#### What you have to do
How does the data below read from its first line through the line containing "Lyon 1 - Canvas"? Print those lines exactly.

Segment Start: Data under study

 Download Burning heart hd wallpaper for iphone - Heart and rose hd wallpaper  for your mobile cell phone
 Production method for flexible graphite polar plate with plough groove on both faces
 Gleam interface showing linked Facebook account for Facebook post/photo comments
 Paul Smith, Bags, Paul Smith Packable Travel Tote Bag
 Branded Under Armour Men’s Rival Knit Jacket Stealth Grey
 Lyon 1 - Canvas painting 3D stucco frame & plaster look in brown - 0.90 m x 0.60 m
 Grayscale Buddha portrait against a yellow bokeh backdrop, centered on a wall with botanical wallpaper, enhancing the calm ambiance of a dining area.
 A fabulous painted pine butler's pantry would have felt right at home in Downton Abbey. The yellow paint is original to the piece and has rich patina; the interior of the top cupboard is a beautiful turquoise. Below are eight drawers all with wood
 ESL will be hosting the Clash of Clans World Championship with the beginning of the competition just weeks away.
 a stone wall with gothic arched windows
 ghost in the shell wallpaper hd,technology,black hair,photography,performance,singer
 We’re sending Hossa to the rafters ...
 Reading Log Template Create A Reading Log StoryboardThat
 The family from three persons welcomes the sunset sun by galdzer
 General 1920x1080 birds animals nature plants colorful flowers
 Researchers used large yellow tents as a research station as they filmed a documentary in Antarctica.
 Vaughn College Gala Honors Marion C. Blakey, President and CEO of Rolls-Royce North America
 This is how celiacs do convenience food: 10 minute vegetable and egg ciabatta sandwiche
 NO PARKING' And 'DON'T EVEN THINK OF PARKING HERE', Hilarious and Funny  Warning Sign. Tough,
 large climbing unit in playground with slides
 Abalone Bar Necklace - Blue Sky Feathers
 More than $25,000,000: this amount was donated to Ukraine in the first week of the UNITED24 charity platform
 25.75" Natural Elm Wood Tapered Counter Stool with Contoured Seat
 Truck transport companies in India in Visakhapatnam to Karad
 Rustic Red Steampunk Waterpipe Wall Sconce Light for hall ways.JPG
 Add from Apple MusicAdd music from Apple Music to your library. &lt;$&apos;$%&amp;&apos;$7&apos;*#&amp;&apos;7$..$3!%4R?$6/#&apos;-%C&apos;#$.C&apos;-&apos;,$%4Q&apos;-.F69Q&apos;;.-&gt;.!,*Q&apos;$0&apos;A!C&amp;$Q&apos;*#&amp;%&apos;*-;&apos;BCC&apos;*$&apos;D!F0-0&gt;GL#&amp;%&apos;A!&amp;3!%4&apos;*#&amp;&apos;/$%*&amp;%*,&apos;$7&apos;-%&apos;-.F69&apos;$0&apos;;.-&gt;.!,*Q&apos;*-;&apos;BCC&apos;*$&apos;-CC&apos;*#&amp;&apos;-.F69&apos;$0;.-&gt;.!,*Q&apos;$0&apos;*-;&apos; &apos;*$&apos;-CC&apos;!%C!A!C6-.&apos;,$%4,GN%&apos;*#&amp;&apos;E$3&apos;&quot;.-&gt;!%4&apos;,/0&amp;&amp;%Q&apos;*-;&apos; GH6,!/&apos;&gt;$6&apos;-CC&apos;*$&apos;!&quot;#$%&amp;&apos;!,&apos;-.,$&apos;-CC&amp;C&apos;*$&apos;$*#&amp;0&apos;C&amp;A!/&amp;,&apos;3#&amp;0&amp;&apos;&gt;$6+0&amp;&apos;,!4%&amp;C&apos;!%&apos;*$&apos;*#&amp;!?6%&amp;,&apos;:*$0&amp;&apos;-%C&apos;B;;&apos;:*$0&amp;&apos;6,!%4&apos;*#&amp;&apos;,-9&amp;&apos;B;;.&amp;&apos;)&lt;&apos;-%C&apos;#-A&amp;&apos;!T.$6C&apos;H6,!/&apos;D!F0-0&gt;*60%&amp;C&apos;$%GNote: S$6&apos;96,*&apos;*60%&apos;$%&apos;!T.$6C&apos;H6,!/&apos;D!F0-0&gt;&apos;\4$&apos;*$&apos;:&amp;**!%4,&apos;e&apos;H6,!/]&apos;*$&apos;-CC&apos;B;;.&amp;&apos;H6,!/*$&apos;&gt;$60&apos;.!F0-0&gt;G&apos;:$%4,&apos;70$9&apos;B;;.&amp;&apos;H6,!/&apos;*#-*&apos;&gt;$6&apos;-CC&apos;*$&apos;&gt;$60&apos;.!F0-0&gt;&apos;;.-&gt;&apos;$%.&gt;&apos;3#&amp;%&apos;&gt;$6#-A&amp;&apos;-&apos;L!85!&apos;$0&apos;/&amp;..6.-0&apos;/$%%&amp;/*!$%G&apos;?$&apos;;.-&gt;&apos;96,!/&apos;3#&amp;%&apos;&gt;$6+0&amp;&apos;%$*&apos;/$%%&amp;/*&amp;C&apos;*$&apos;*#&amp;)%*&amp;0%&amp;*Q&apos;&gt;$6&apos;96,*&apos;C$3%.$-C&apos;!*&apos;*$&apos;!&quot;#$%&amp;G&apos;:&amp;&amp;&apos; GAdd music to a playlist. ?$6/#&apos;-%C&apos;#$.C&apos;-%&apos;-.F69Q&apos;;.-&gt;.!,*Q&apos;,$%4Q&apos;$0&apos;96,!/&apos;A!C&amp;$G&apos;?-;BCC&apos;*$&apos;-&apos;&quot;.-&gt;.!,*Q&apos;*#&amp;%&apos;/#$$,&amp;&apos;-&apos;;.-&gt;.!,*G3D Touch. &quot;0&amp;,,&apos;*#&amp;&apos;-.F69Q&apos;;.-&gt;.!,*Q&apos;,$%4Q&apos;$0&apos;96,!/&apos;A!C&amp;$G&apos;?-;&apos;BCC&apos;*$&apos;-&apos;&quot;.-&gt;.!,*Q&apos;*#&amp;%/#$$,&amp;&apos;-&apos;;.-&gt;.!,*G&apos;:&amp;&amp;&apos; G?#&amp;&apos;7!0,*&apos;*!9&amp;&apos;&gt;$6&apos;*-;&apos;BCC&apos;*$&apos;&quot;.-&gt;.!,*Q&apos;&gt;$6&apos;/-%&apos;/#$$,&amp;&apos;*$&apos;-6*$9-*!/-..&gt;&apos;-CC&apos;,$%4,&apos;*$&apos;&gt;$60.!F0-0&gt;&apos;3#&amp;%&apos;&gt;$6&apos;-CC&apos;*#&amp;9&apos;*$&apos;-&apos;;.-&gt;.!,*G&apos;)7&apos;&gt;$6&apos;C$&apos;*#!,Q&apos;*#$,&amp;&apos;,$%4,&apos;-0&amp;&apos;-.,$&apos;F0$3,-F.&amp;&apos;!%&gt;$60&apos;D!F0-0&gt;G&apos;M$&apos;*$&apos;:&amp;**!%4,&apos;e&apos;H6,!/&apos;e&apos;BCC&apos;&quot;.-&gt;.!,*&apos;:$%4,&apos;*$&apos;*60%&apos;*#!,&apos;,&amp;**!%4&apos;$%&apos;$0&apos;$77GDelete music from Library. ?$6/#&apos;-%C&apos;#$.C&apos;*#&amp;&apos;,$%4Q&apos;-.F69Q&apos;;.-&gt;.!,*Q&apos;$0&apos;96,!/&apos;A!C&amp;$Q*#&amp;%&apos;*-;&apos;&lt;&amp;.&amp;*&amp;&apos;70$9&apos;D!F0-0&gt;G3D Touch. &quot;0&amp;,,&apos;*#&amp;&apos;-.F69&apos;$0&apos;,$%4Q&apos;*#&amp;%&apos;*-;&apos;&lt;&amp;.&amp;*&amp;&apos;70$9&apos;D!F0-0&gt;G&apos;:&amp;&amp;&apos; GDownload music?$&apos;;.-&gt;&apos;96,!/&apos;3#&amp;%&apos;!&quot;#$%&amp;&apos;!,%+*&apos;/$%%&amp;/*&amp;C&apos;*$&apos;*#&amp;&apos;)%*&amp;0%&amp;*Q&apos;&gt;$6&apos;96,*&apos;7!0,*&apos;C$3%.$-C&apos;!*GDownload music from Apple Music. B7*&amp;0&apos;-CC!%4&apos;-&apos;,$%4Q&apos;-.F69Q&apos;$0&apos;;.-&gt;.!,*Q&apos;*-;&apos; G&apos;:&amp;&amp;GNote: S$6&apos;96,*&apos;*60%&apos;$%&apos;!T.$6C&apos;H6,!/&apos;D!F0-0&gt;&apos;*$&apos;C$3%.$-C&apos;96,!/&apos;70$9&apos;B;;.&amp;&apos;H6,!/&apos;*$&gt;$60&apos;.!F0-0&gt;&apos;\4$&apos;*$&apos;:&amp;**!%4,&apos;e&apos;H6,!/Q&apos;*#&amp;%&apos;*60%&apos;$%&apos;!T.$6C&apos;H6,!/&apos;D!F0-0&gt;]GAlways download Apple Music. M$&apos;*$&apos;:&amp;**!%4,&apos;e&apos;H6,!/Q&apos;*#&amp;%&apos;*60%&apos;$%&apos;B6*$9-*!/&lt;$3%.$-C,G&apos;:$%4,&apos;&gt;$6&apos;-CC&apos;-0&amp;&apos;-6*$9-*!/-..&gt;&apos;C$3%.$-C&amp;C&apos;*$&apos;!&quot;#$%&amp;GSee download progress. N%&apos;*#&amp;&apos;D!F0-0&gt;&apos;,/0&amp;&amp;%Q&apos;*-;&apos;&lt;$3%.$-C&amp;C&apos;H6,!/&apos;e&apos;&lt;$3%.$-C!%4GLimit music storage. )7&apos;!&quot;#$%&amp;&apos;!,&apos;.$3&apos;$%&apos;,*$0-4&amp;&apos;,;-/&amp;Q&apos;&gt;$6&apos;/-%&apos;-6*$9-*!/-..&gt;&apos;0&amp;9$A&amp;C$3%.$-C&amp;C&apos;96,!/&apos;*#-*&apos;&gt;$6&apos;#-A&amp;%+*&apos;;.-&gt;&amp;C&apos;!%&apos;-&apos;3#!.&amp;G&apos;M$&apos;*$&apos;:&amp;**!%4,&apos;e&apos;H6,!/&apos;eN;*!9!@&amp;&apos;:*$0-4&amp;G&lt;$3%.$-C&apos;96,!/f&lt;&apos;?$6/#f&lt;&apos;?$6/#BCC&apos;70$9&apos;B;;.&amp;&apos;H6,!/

Segment End: Data under study

#### Response box
 Download Burning heart hd wallpaper for iphone - Heart and rose hd wallpaper  for your mobile cell phone
 Production method for flexible graphite polar plate with plough groove on both faces
 Gleam interface showing linked Facebook account for Facebook post/photo comments
 Paul Smith, Bags, Paul Smith Packable Travel Tote Bag
 Branded Under Armour Men’s Rival Knit Jacket Stealth Grey
 Lyon 1 - Canvas painting 3D stucco frame & plaster look in brown - 0.90 m x 0.60 m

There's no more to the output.